HOUSTON — The recent release of “The Miracle Club” movie brings a trifecta of award-winning actresses, which even has one of its stars fangirling over working with Grande Dame Maggie Smith and industry legend Kathy Bates.

Laura Linney, herself an Emmy Award-winning actor, said in interviews before the July 14 theater openings, “Honestly, I would’ve done anything to work with them. I was just lucky that it also involved a story that was charming and had a big heart.”

Set in 1967, each of the main characters has a reason to need a miracle in their Irish working-class neighborhood near Dublin. Smith plays Lily, whose son drowned decades before at the age of 19, which she sadly believes was her punishment from God.

Bates is Eileen, married to an unappreciative husband and is the mother of a large family, who has just found a lump in her breast. A generation younger, Dolly (Agnes O’Casey) is the mother of a young son who is five years old and still doesn’t speak.
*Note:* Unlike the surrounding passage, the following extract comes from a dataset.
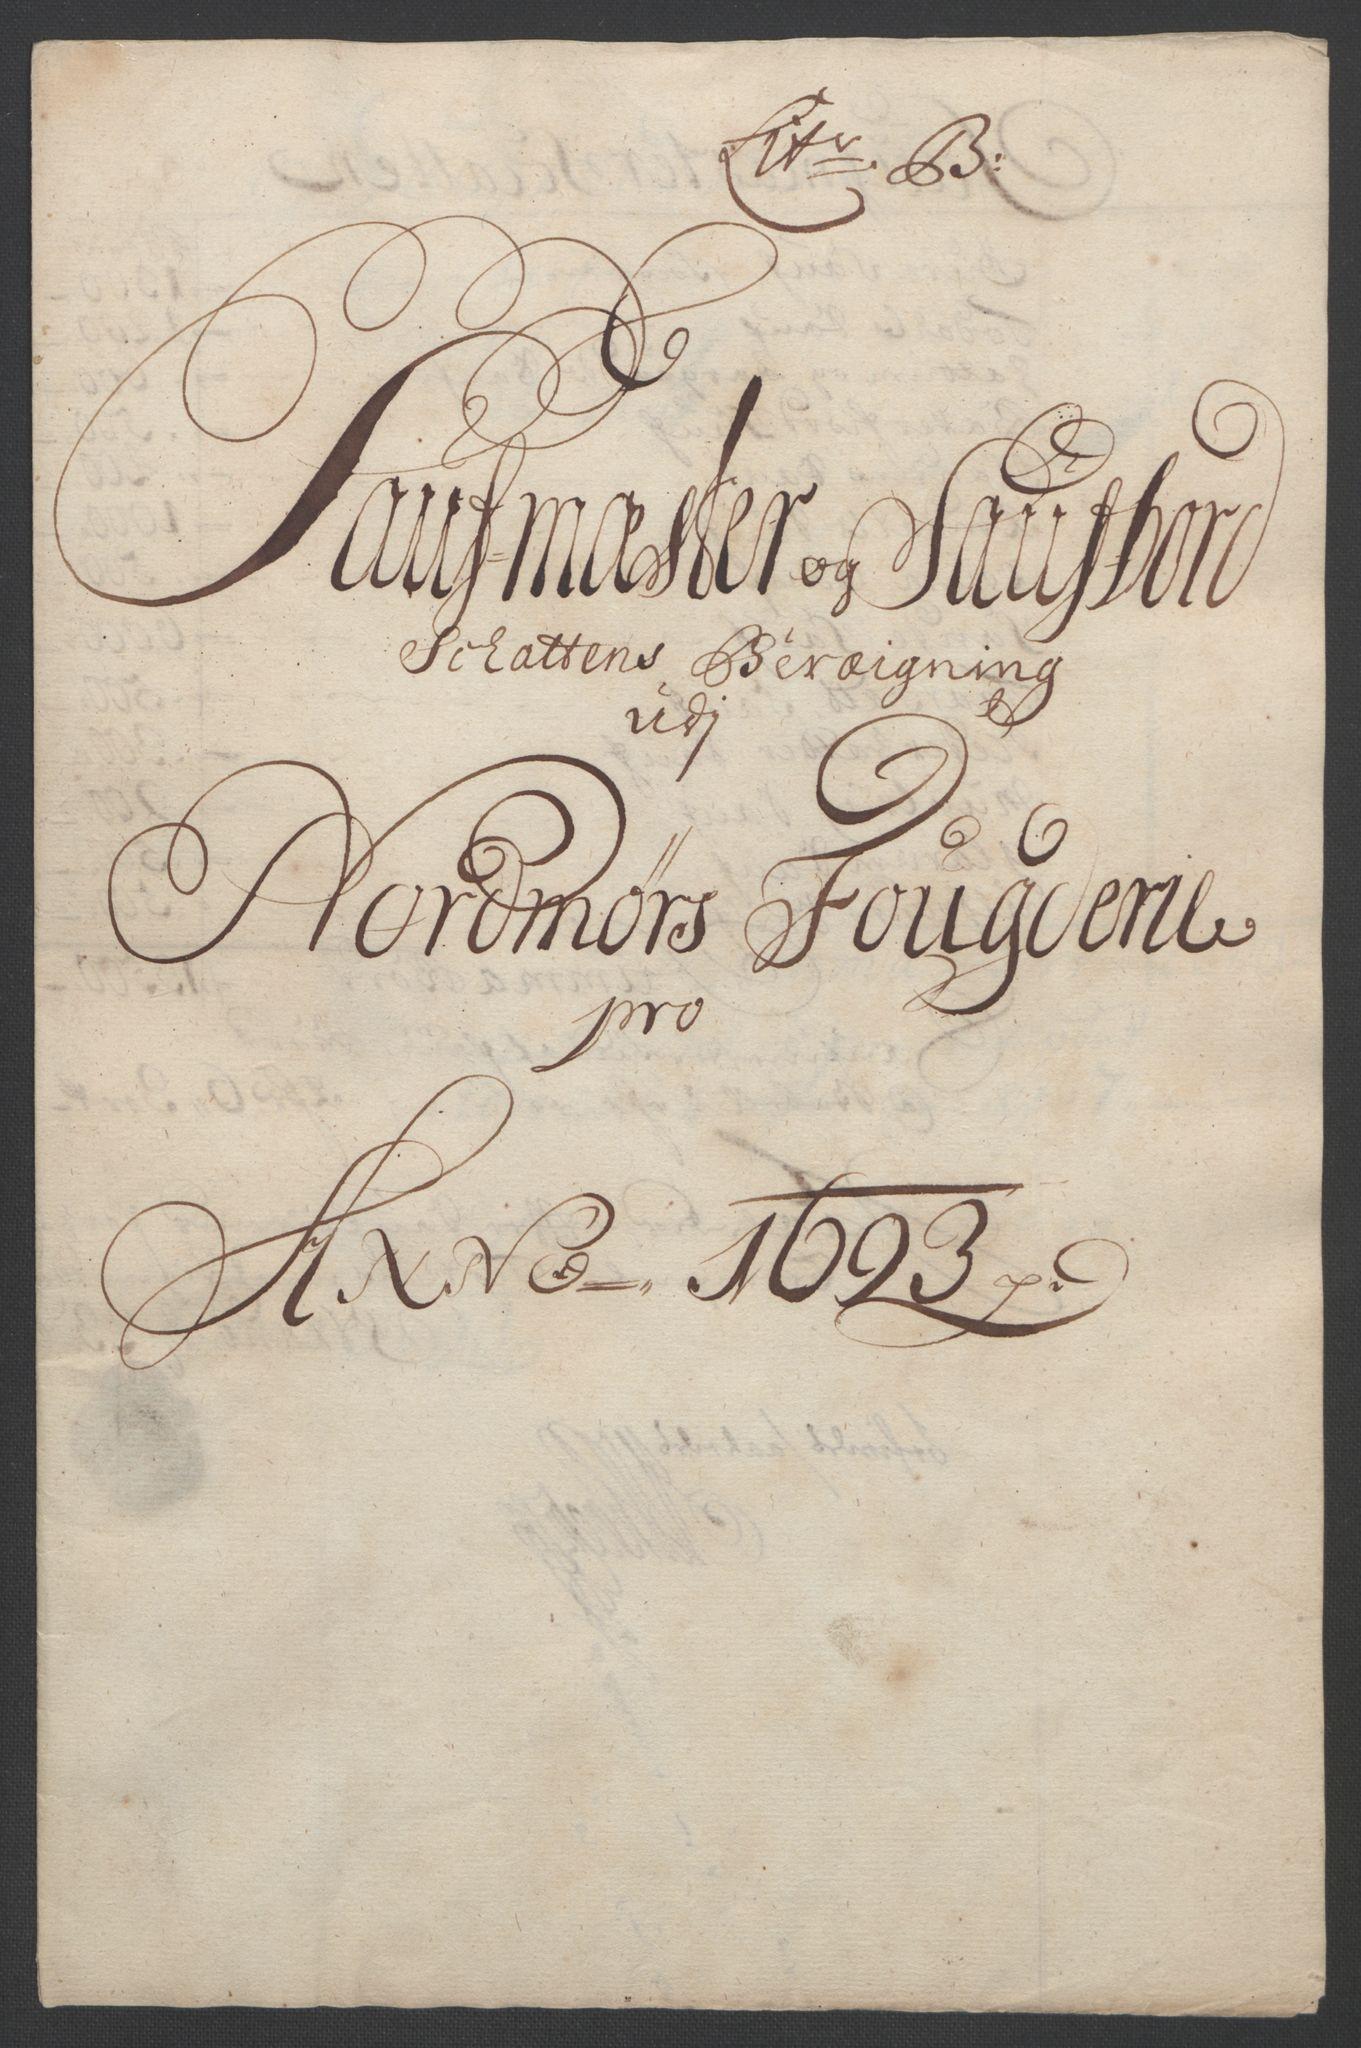 RA, Rentekammeret inntil 1814, Reviderte regnskaper, Fogderegnskap, R56/L3735: Fogderegnskap Nordmøre, 1692-1693, s. 334

Linney’s character, Chrissie, returns to Ireland for the first time in decades, looking sophisticated and polished after being “banished” 40 years before to the United States. She visits her mother’s closed casket alone at the local church after failing to see her before she passed, a beloved friend of the other women.

But all the parishioners are busy in the church hall participating in a talent contest, with the top prize being tickets to a pilgrimage to Our Lady of Lourdes, the famous Basilica of healing in France. The 21-hour bus trip, including a ferry ride, from Ireland to the sanctuary in the south of France is glossed over, showing their arrival at the Hotel de Bernadette. Intermittent portrait-like visions of the main Basilica in Lourdes sitting atop a hill with the rushing river and grotto below show the sacred beauty of the place tucked below the Pyrenees Mountains.

But there is also a nod recognizing the commercialization of the site, at times called “the Catholic Disney Land,” that draws more than three million pilgrims every year, more than travel to Mecca or Jerusalem.

The holy site began its renown in 1858 when a 14-year-old peasant girl, Bernadette Soubirous, reported to Church officials that she spoke to a mysterious woman several times. The woman described herself as “the Immaculate Conception,” otherwise known as the Virgin Mary.

Since then, there have been 70 medical miracles recognized at Lourdes, including a recent healing of Sister Bernadette Moriau featured on the news program “60 Minutes” last year. She was freed from needing a wheelchair caused by a Cauda Equina diagnosis, a disorder of nerves and lower spine that eventually leads to total paralysis.

But as the news show pointed out, with just 70 medical miracles recognized in more than 160 years, “you’d have better odds playing the lotto.” Yet thousands of faithful line up at the baths and grotto where the first miracle is said to have occurred.

Smith and Linney have one of the film’s best scenes together when Lily visits the baths filled with holy water at the shrine. Chrissie dismisses what she calls “all the hocus pocus.” Lily gently responds, “There’s always hope, isn’t there, even when you don’t completely believe.” It’s a lovely, delicate scene despite the chaos of people desperately seeking cures.

The parish priest, Father Byrne (Mark O’Halloran), delivers the film’s message in responding to Bates’ character, who calls the site “a bloody gimmick.” The pastor says softly, “You don’t come to Lourdes for a miracle, Eileen; you come for the strength to go on when there is no miracle.”

The Miracle Club is rated PG-13 for some language and thematic elements.